Sunday, February 23, 2014

Blogs Are for Words, Github Is for Code

I'm still excited about keeping this blog, but it's awkward to try to explain the things I've been doing. I've learned so much over the past few days that it would take much longer than I'm willing to spend regurgitating it here.

An Epihany

Blogs weren't designed for code. Sure, it's OK to talk about code and include a few snippets or gists, but blogs are meant for rambling about stuff, not granularly documenting code. It's too cumbersome to add context. Additionally, I spend all my time in the code. Why not work on helping out noobs like us while I'm in there?

Github Accounts Are Free

I've forked the MEAN boilerplate (forking is just making your own copy in Github) and called it Nice MEAN. This is, to extend the Harry Potter reference, my textbook. I'm going to keep writing notes in comments to you, me, and everyone else explaning what's going on in the code.
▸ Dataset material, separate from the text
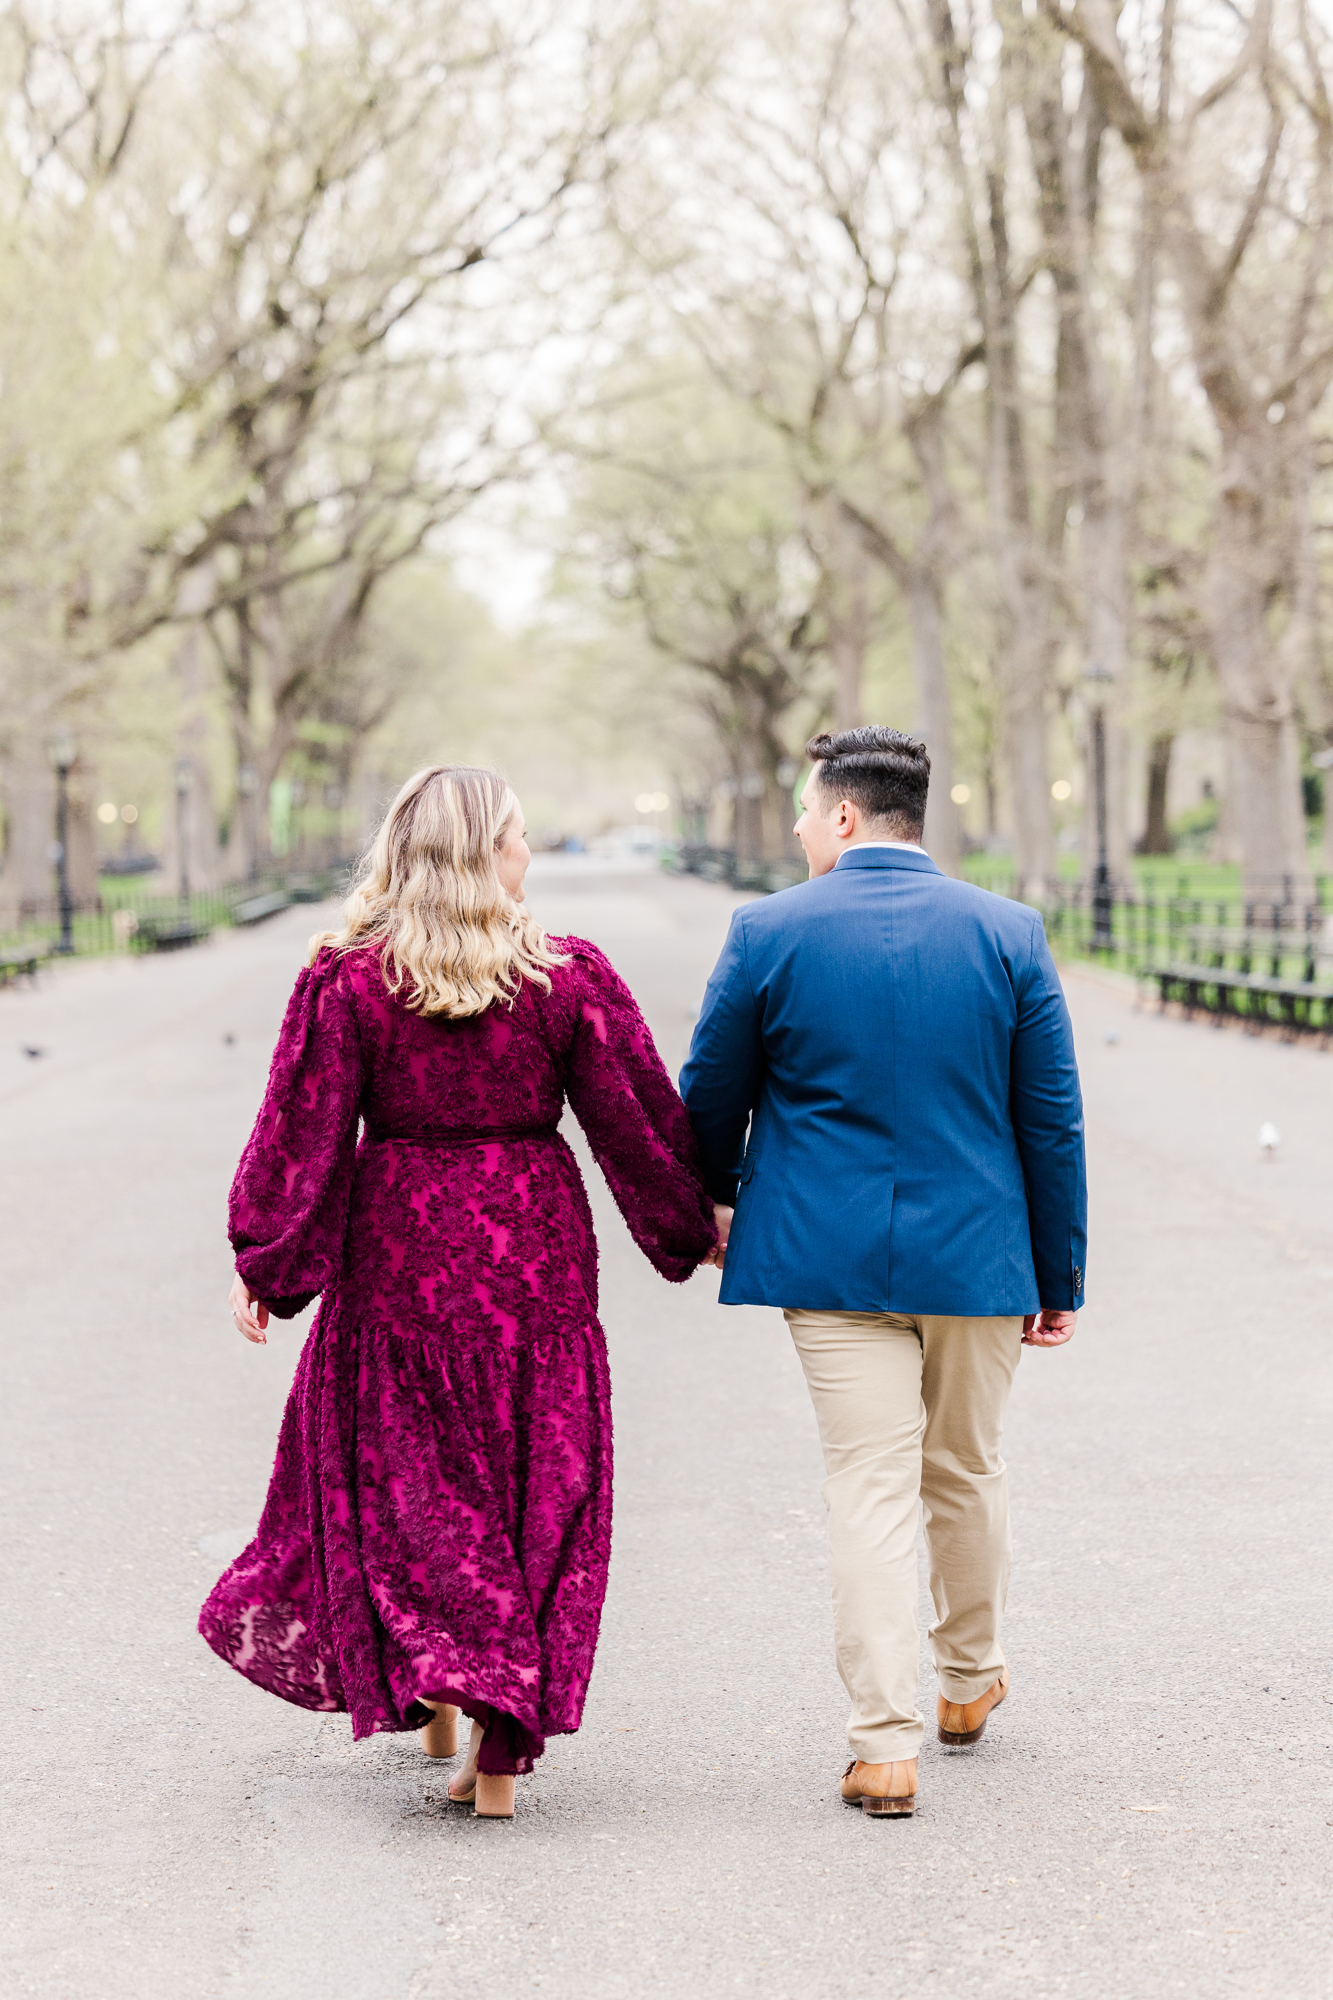 Bright Engagement Pictures in Central Park

That's what I've been doing all week anyway. It's dumb to come to Blogger and try to reproduce that. So, while you're learning the MEAN stack, please feel free to use my book. You can get the version without dog-earred pages like everyone else, but my version has lots of comments from the layman's perspective. Hell, get both versions. It's not like you have to pay for them.

tl;dr

This was not too long, but for consistency... Today's lesson: Use the right tool for the job.